Patient Sounds - STILL, waiting

A Closer Listen

“We’re still waiting, we’re still waiting, we’re still waiting, we’re still waiting …” This children’s chant launches the amusing new mixtape from Patient Sounds.  “We’re waiting for everything,” they sing as a music box chimes over their boredom.  We’ve all been there.  Even if we’re too old to whine out loud, we’re still doing it inwardly.

Just look at that cover.  That was me last week in the auto repair shop.  But it might have been you at the doctor’s office, at the deli, or even at home, waiting for a page to load, a plumber to arrive, the power to come back on.  As Tom Petty sings, “The waiting is the hardest part.”  This collage was “specifically engineered to accompany & enrich indeterminate waiting.”  And it certainly makes the time go faster.  Dozens of artists appear, representing the Patient Sounds roster and more:  Naps, M. Sage, Lake Mary, Hakobune, Francesco Covarino and more.  There’s a chart to tell them apart, which helps a lot when the turnover is approximately one artist each minute.  The timbres range from ambient to drone, with numerous electronic textures folded in; but the draw is the variety of samples: plates and dishes, the morning commuter train, a crying baby.  We feel your pain.

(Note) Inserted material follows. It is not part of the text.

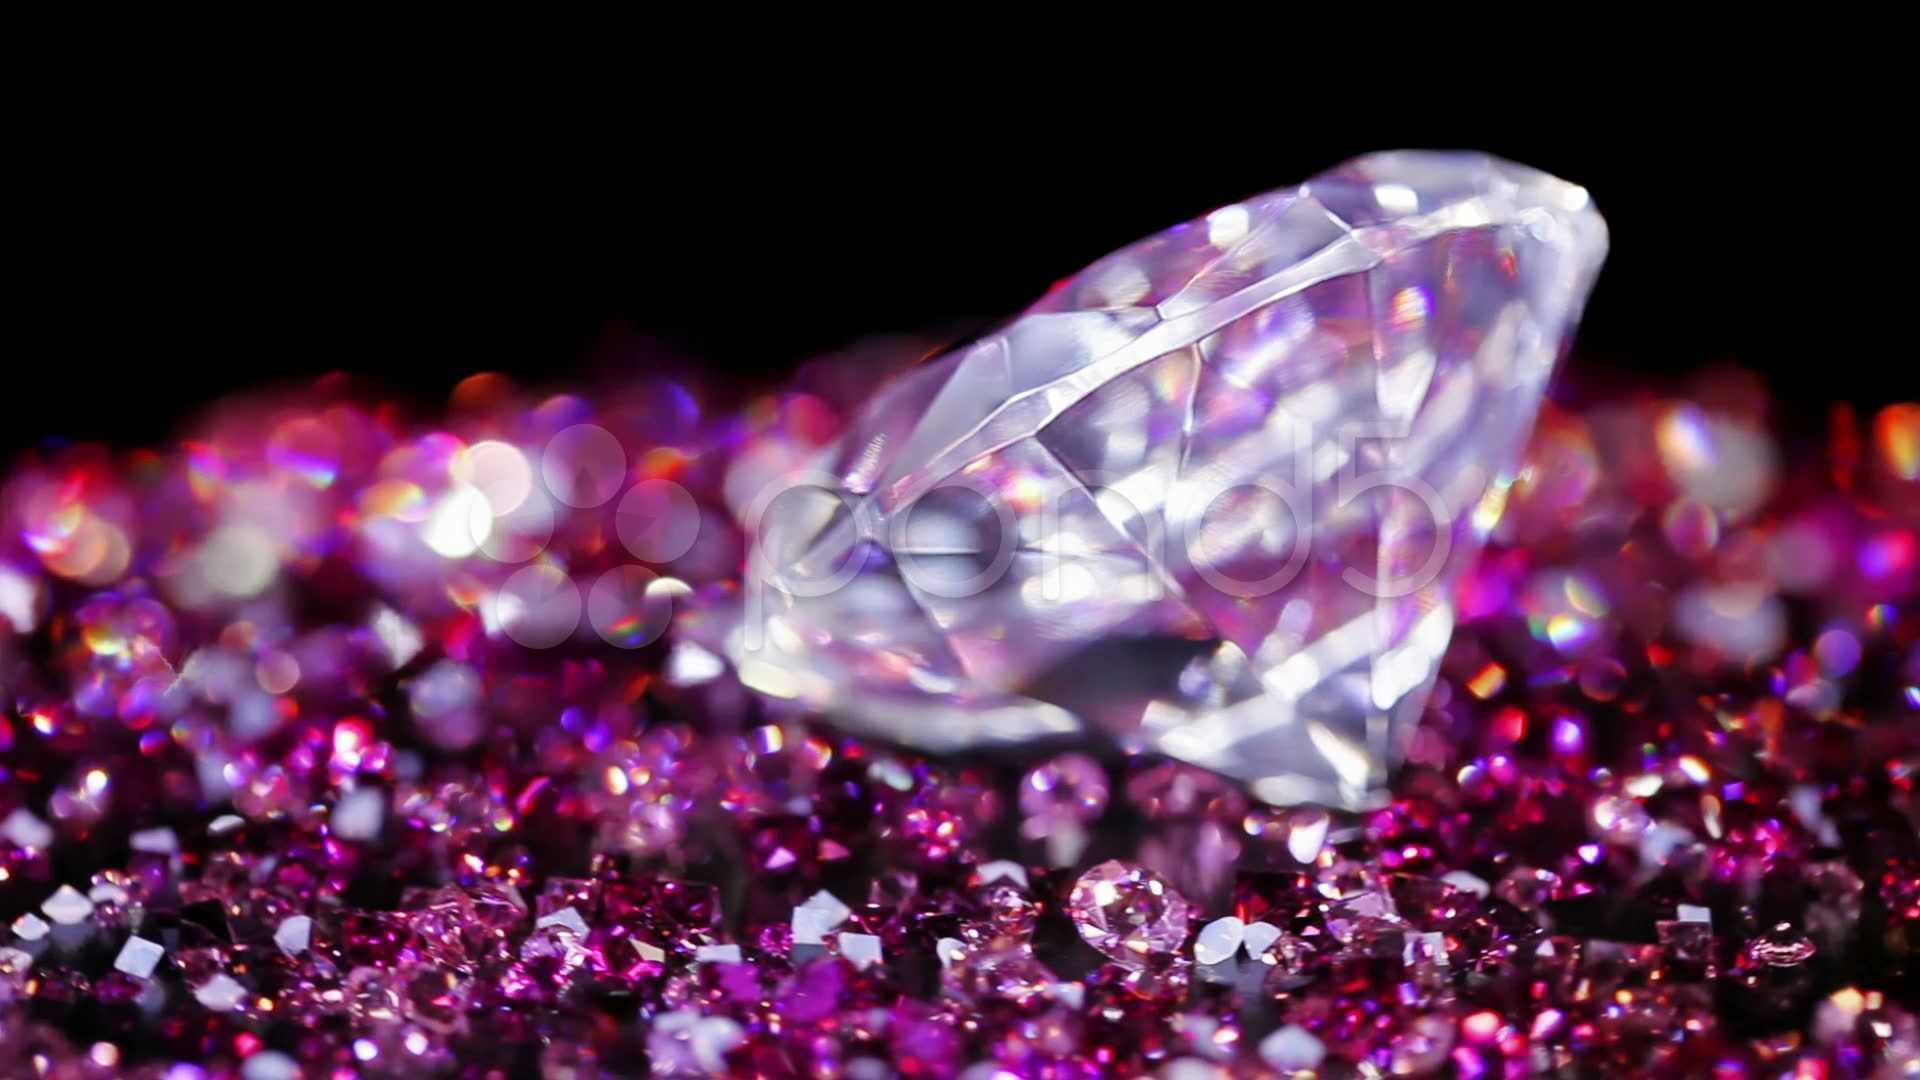 purple gems

There’s another kind of pain here as well:  the pain of saying goodbye.  This is the last Patient Sounds sampler.  At the end of their tenth anniversary, the label will be closing its doors.  Over the past decade, they’ve treated us to amazing albums from artists including Cinchel, Petrels, Glassine and Ian William Craig, to name a few.  It’s been a great ride.  But it’s also been a tough time for the industry, especially when it comes to cassettes, which produce a sense of nostalgia that is unfortunately greater than its overall sales.  This bittersweet disc ~ the final sampler before a closing trio of tapes ~ is the epitome of patience, confronted by its opposite.  If anything, Patient Sounds taught us to listen slowly, and now the Chicago label will practice what it has preached by riding slowly into the sunset.

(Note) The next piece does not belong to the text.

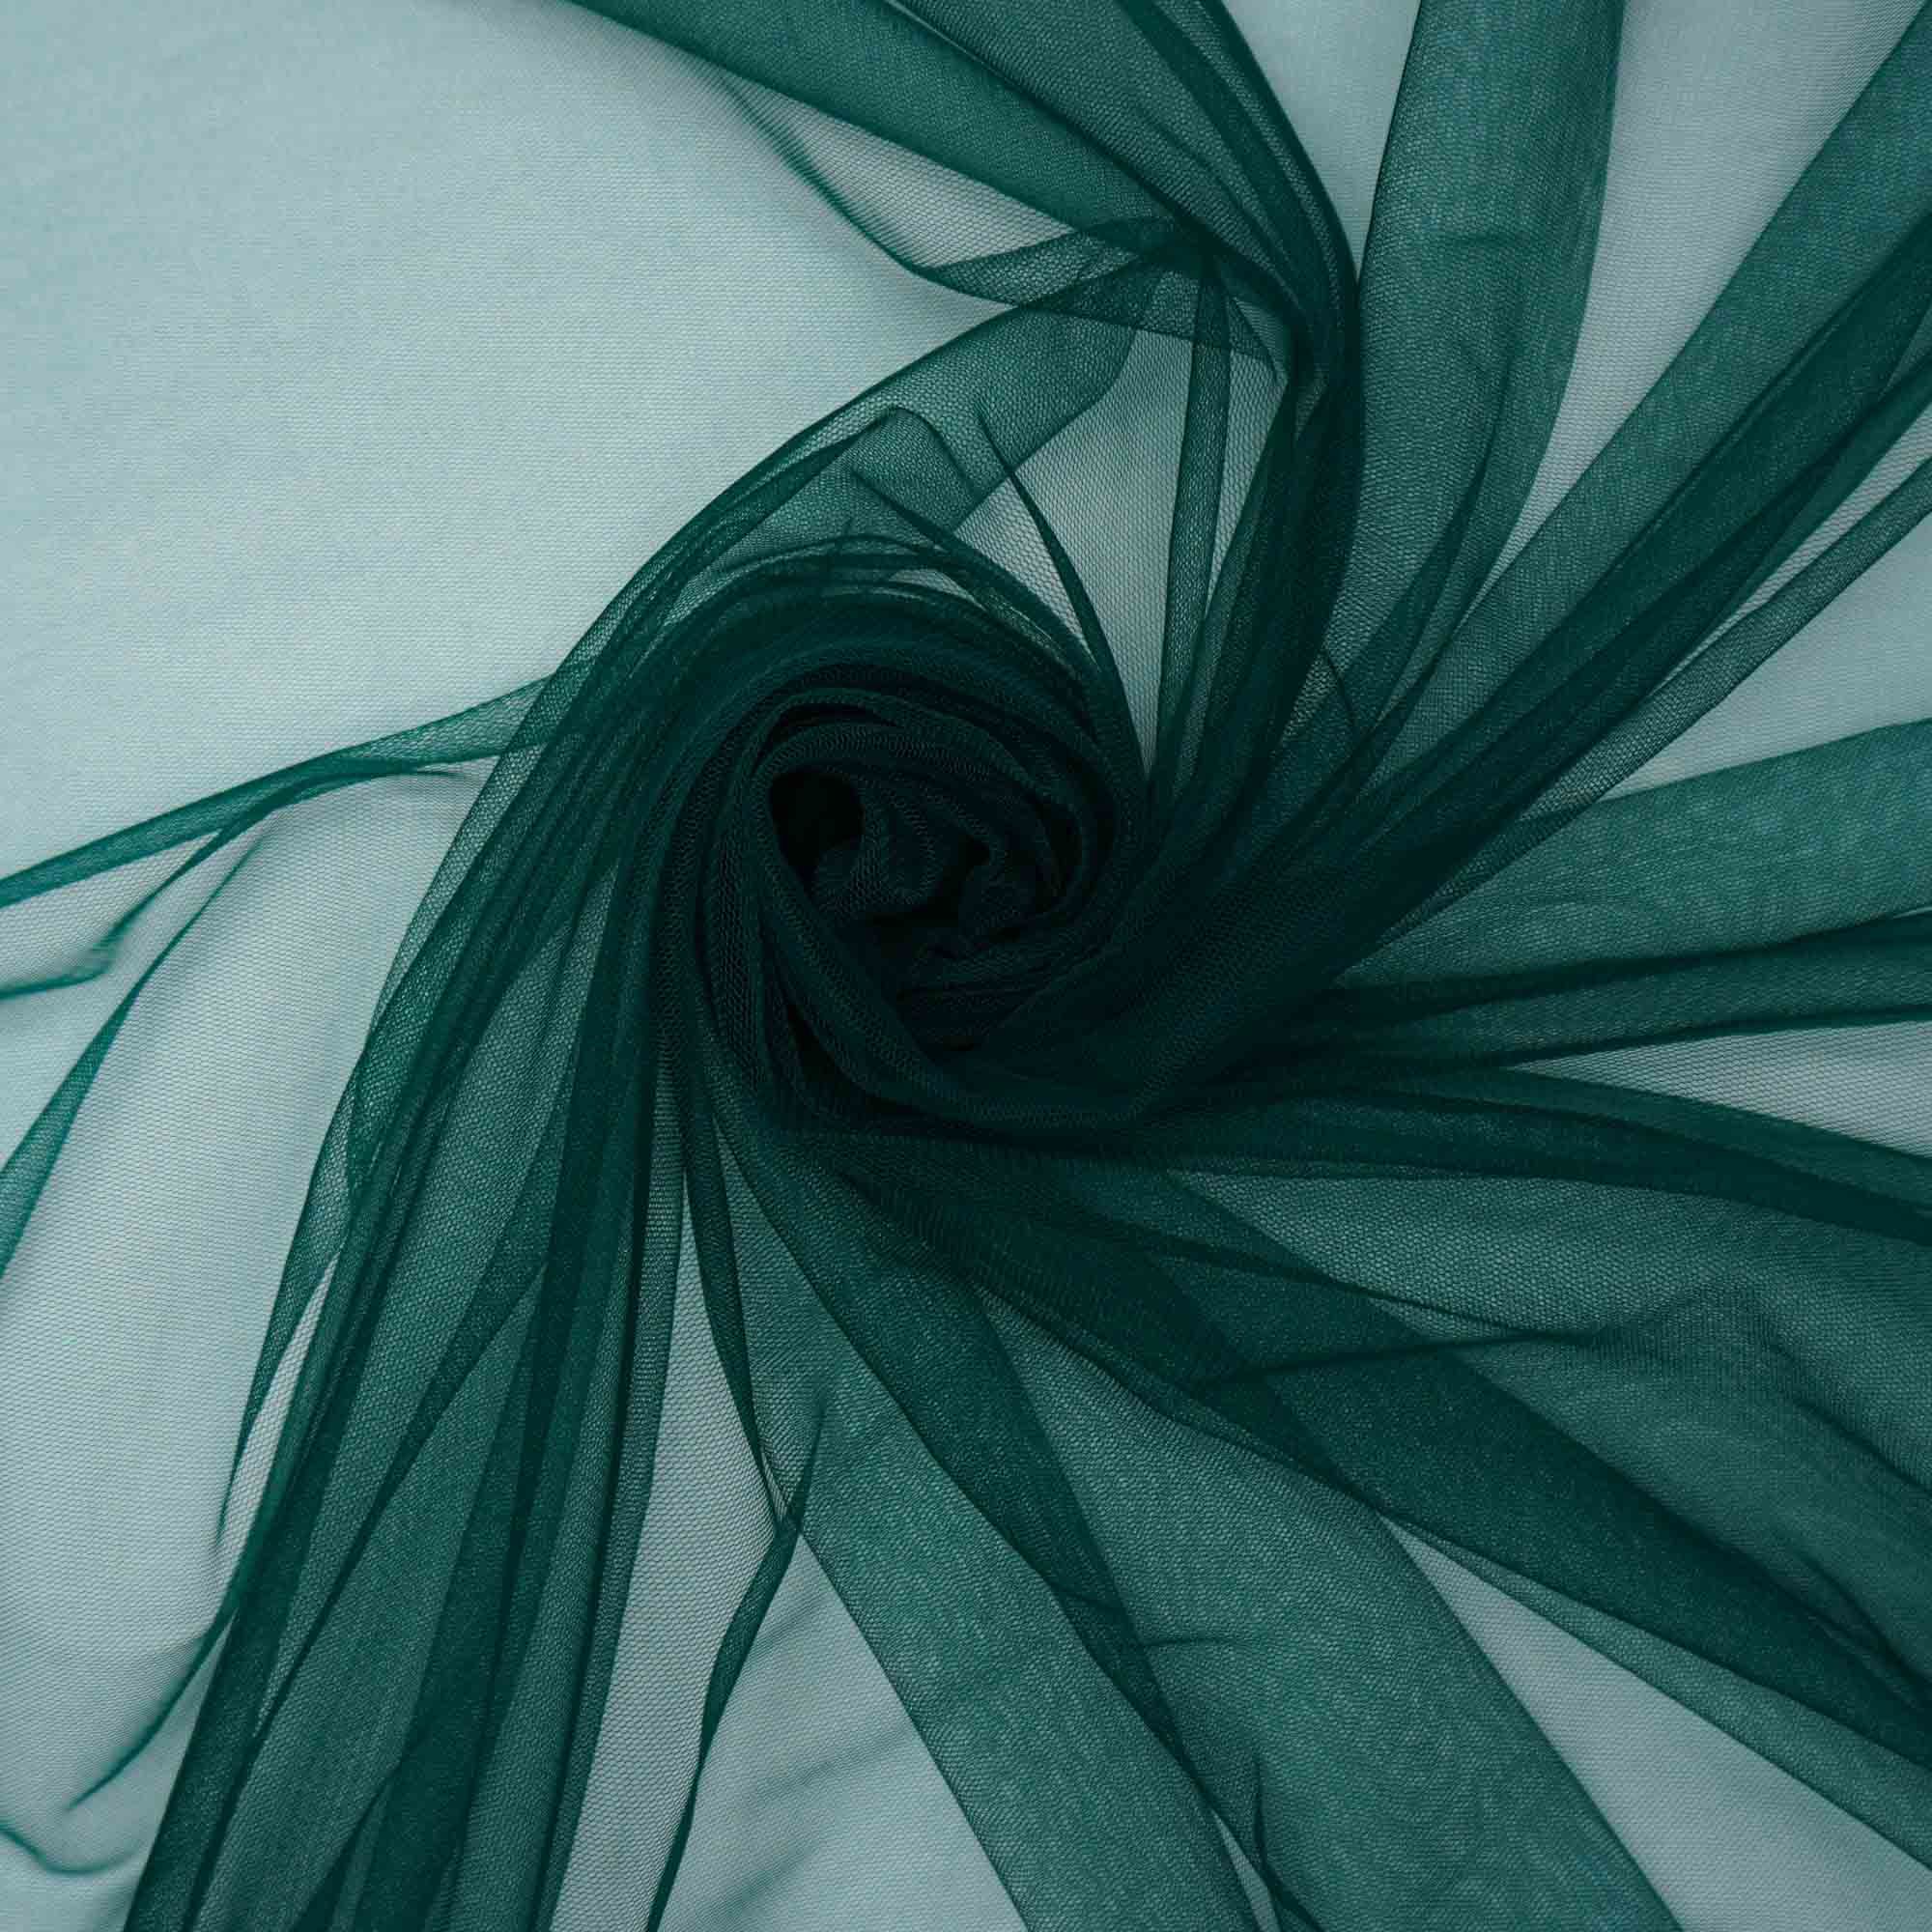 Tecido tule ilusione (ilusion) verde musgo

We love the trombone in the 18th minute, followed by the field recordings and mournful strings of the 20th.  A Mukqs track folds into a cappella singing from Warm Anna.  We’re reminded of “Casey at the Bat.”  Birds are squaring.  Children are playing.  But in Chicago, the curtains are being taken down.  The office is being scrubbed, the last acoustic troubadour playing in the hallway.  What begins as amusement ends as elegy.  For all the talk about waiting, the time has gone too fast.

M. Sage writes, “As it is August, we are entering in the last days of our last summer as a label, and the first days of our last autumn.  So many firsts and lasts here at the end of our run.  Every thing feels momentous, like every grain of sand is a gold brick.”  Want to say farewell, thank you, best wishes?  There’s a concert tonight if you’re in town (where you can score a free CD!) and lots of tapes in the warehouse waiting like wide-eyed animals for someone to take them home.  (Richard Allen)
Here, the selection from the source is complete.